The observations in this study indicated low PI concentrations in patients with active substance use. In particular, there were statistically significant differences in ATV troughs among patients with and without active SRD. There are a number of potential causes of lower PI concentrations in substance users in our study. First, self-report may overestimate adherence in patients with HIV [65
]. Therefore, it is possible that incomplete adherence led to the differences in trough concentrations in these groups and active substance users in our study may have been less adherent than patients without SRD. However, if adherence fully explained the differences in PI trough concentrations between groups, we might have seen a disparity in the EFV trough concentrations. Second, the relatively small number of patients in each group limits the statistical power of the observations. A trend toward lower median trough concentrations was noted in patients with SRD taking LPV (3.75 vs.
5.30 µg/mL, p=0.111). The same trend is true for EFV (1.917 vs.
2.371 µg/mL, p=0.211).
A significantly lower proportion of antiretroviral-treated patients with active SRD failed to suppress HIV (HIV RNA ≤ 75 copies/ml) thus leading to a greater potential for treatment failure. This finding is consistent with previous results from retrospective studies. [18
] In addition, patients with SRD had higher rates of inadequate PI and/or efavirenz exposure than those without SRD, possibly increasing the emergence of resistant HIV in this population. TDM of PIs and efavirenz represents a research tool that provides a “pharmacokinetic phenotype” that reflects individual differences in pathophysiology, genetics, and other factors that make it challenging to predict ARV pharmacokinetics particular among HIV patients with SRD.
Our data also highlight the number of CNS acting drugs that are prescribed in combination with antiretrovirals. Although we have grouped these drugs together for the purpose of summarizing them, it is interesting to note the extensive use of anti-anxiety agents, antidepressants and antipsychotics. In particular, the striking number of CNS acting drugs suggests that more rigorous attention to the initiation of antiretrovirals, particularly efavirenz, is an important consideration in substance users.
There are a few limitations of the present study. First, the relatively small sample size has weakened the statistical power of these observations. Second, the large inter-patient variability in the point evaluation of pharmacokinetics, i.e. trough concentrations could have underestimated the impact of substance use. In this case, the development of a pharmacokinetic model will allow samples to be collected during a range of time points, with subsequent model-derived trough concentrations then used to individualize dosing. These types of analyses will allow our dataset to be examined for the importance of maximum, minimum or time-averaged PI or EFV exposure as predictors of antiviral response or long-term toxicity. In addition, a detailed analysis of possible substance-drug and drug-drug interactions and their effects on antiretroviral therapy should be performed at individual substance and agent level.

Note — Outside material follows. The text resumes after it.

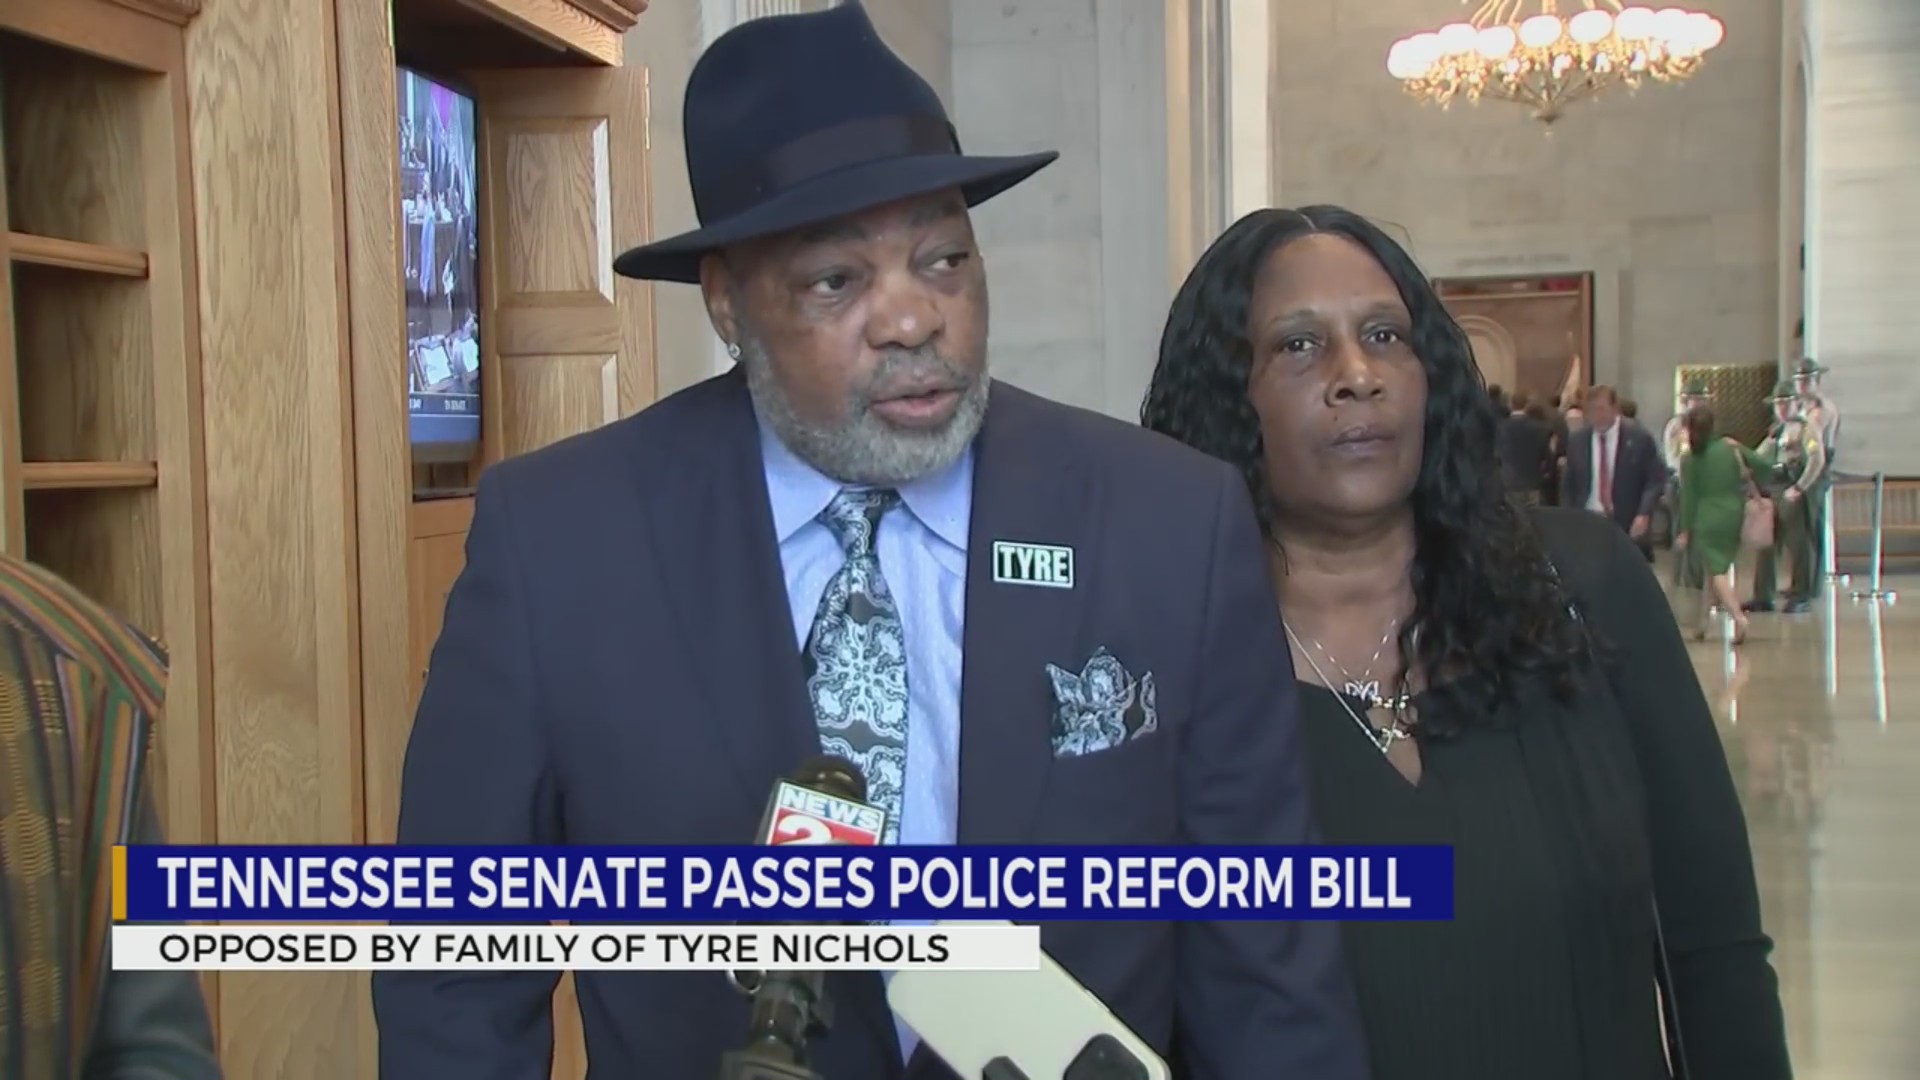 Tennessee Senate passes police reform bill opposed by Tyre Nichols' family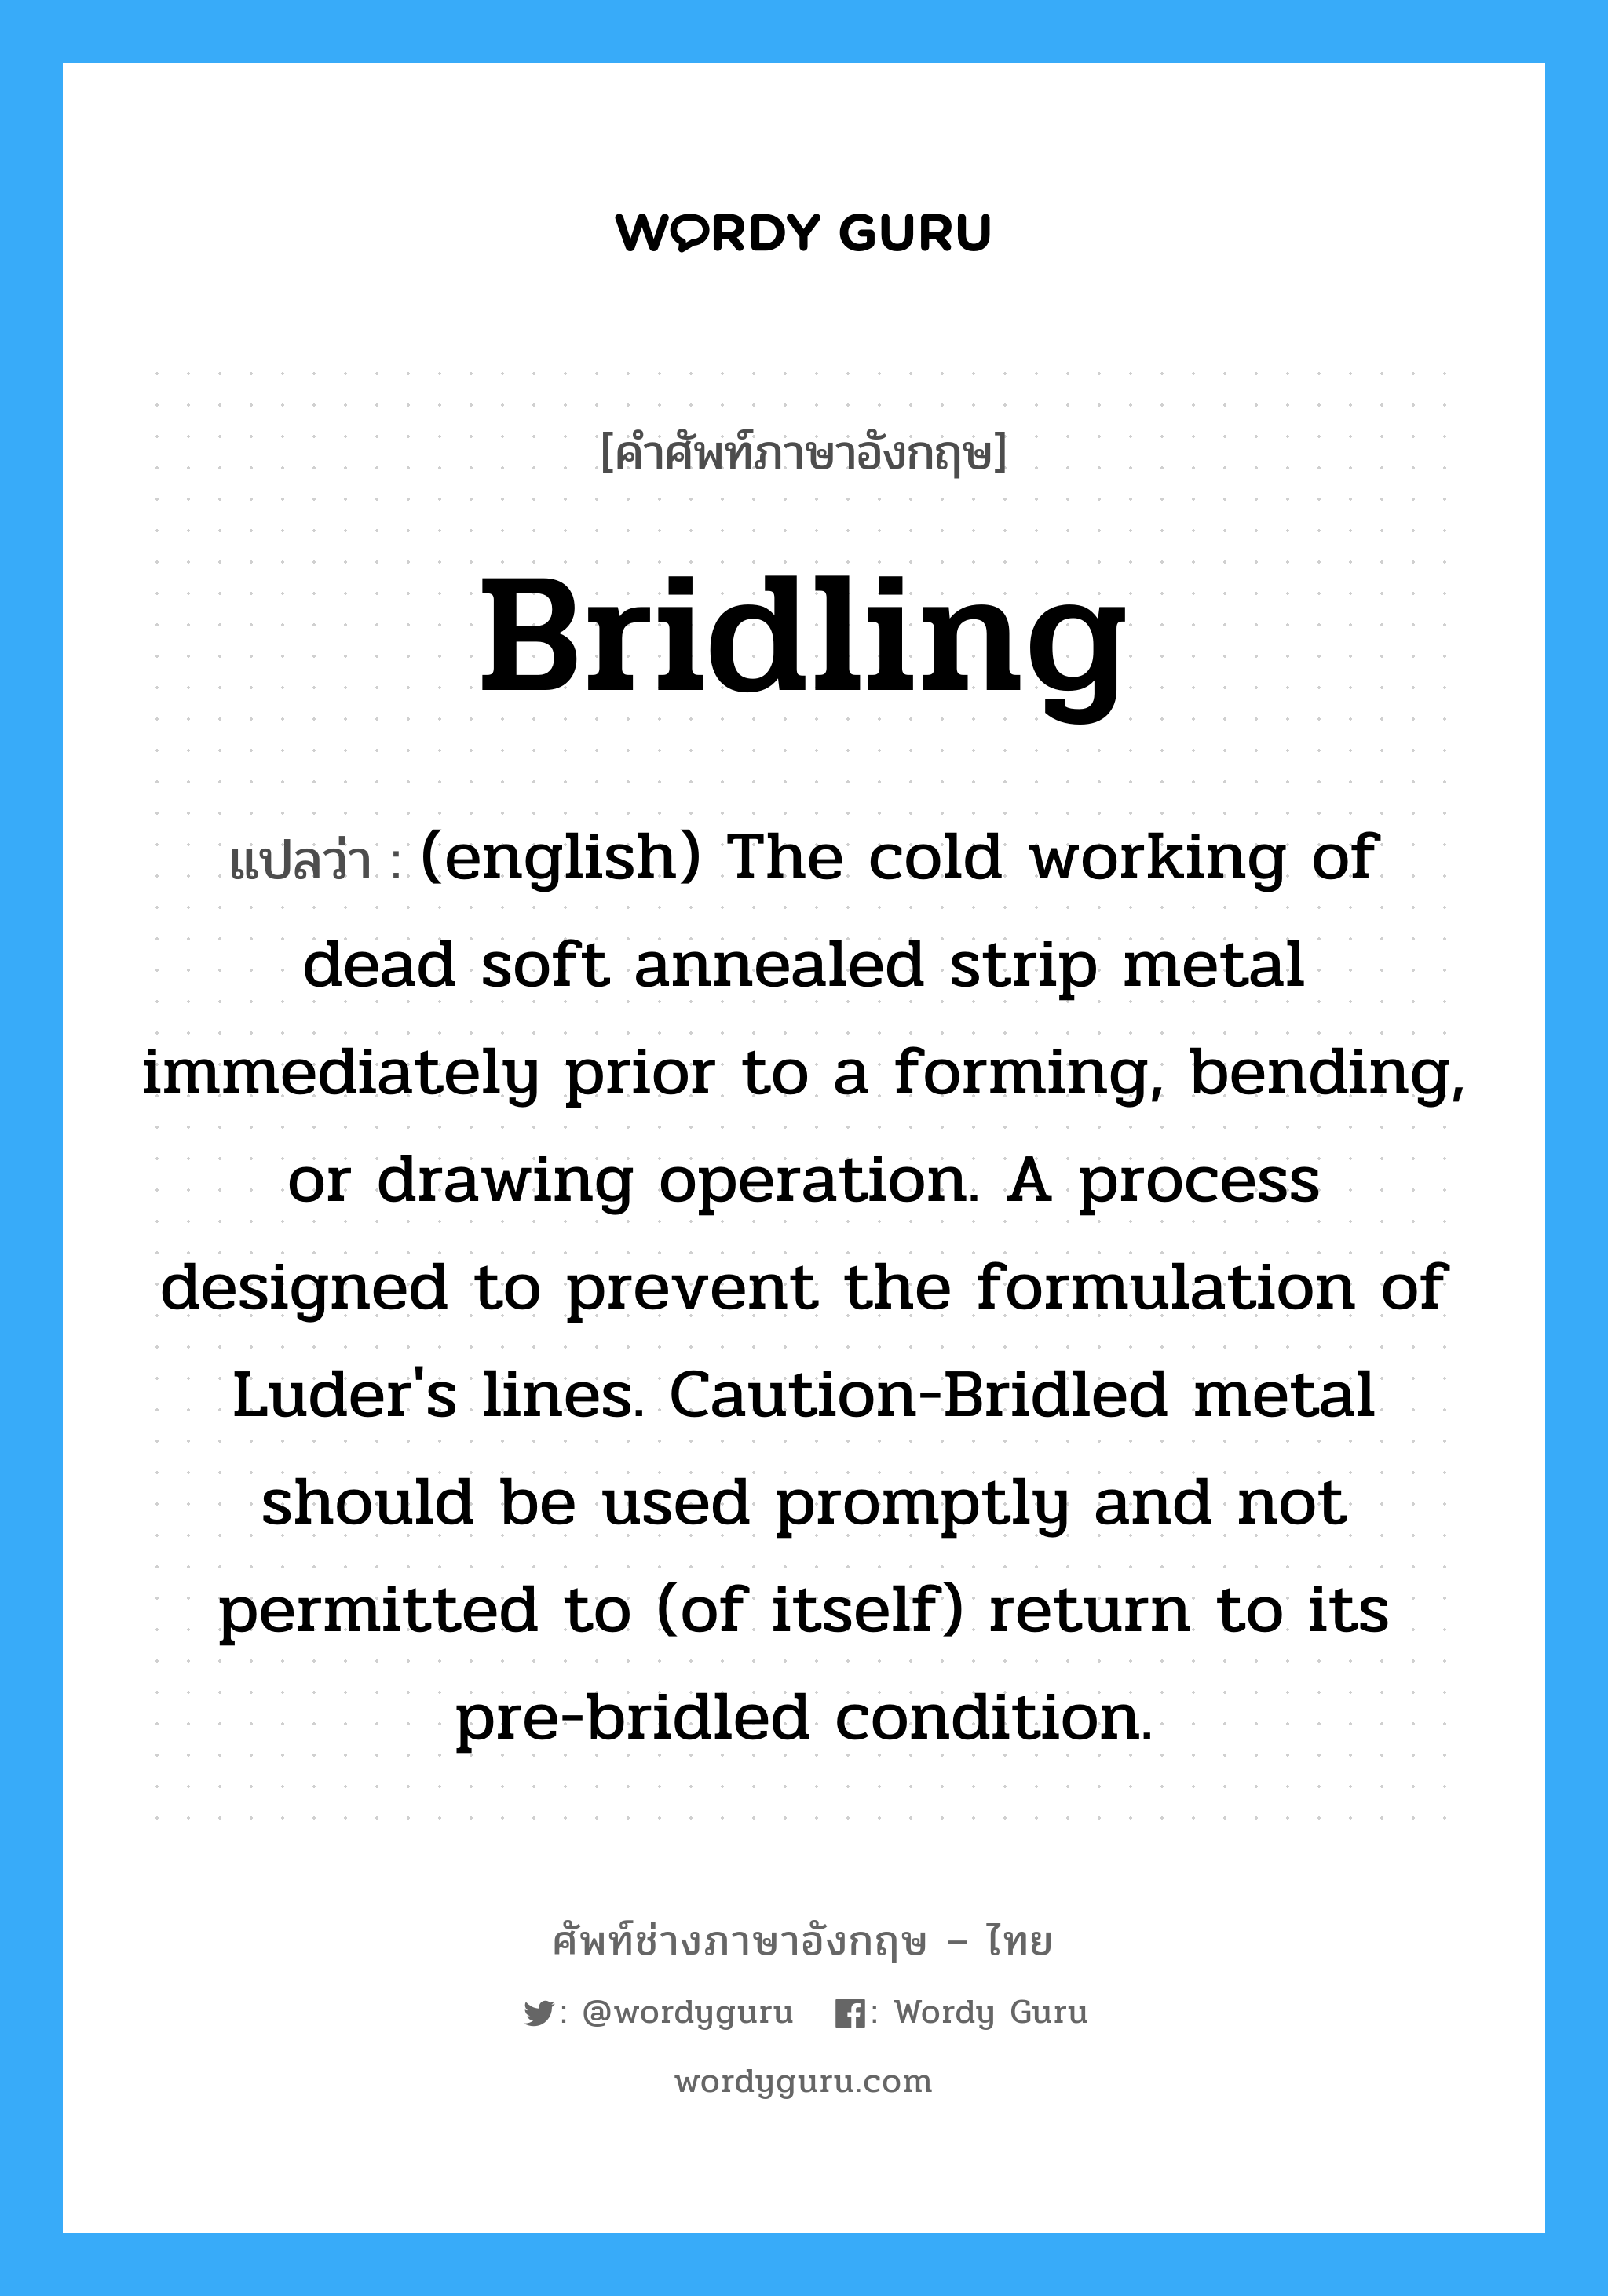 (english) The cold working of dead soft annealed strip metal immediately prior to a forming, bending, or drawing operation. A process designed to prevent the formulation of Luder's lines. Caution-Bridled metal should be used promptly and not permitted to (of itself) return to its pre-bridled condition. ภาษาอังกฤษ?, คำศัพท์ช่างภาษาอังกฤษ - ไทย (english) The cold working of dead soft annealed strip metal immediately prior to a forming, bending, or drawing operation. A process designed to prevent the formulation of Luder's lines. Caution-Bridled metal should be used promptly and not permitted to (of itself) return to its pre-bridled condition. คำศัพท์ภาษาอังกฤษ (english) The cold working of dead soft annealed strip metal immediately prior to a forming, bending, or drawing operation. A process designed to prevent the formulation of Luder's lines. Caution-Bridled metal should be used promptly and not permitted to (of itself) return to its pre-bridled condition. แปลว่า Bridling

In summary, TDM provides a clinical research tool for determining the net pharmacokinetic effects of contributing factors that are present in patients with HIV and active substance use. Despite the wide interindividual variability of trough concentrations, a significant association between substance use and low ATV trough concentrations was observed. These pharmacokinetic differences may also influence viral load suppression during long-term ARV treatment. These findings require additional investigation with more intensive pharmacokinetic assessment to identify individual factors that are contributing to suboptimal ARV exposure in patients with SRDs.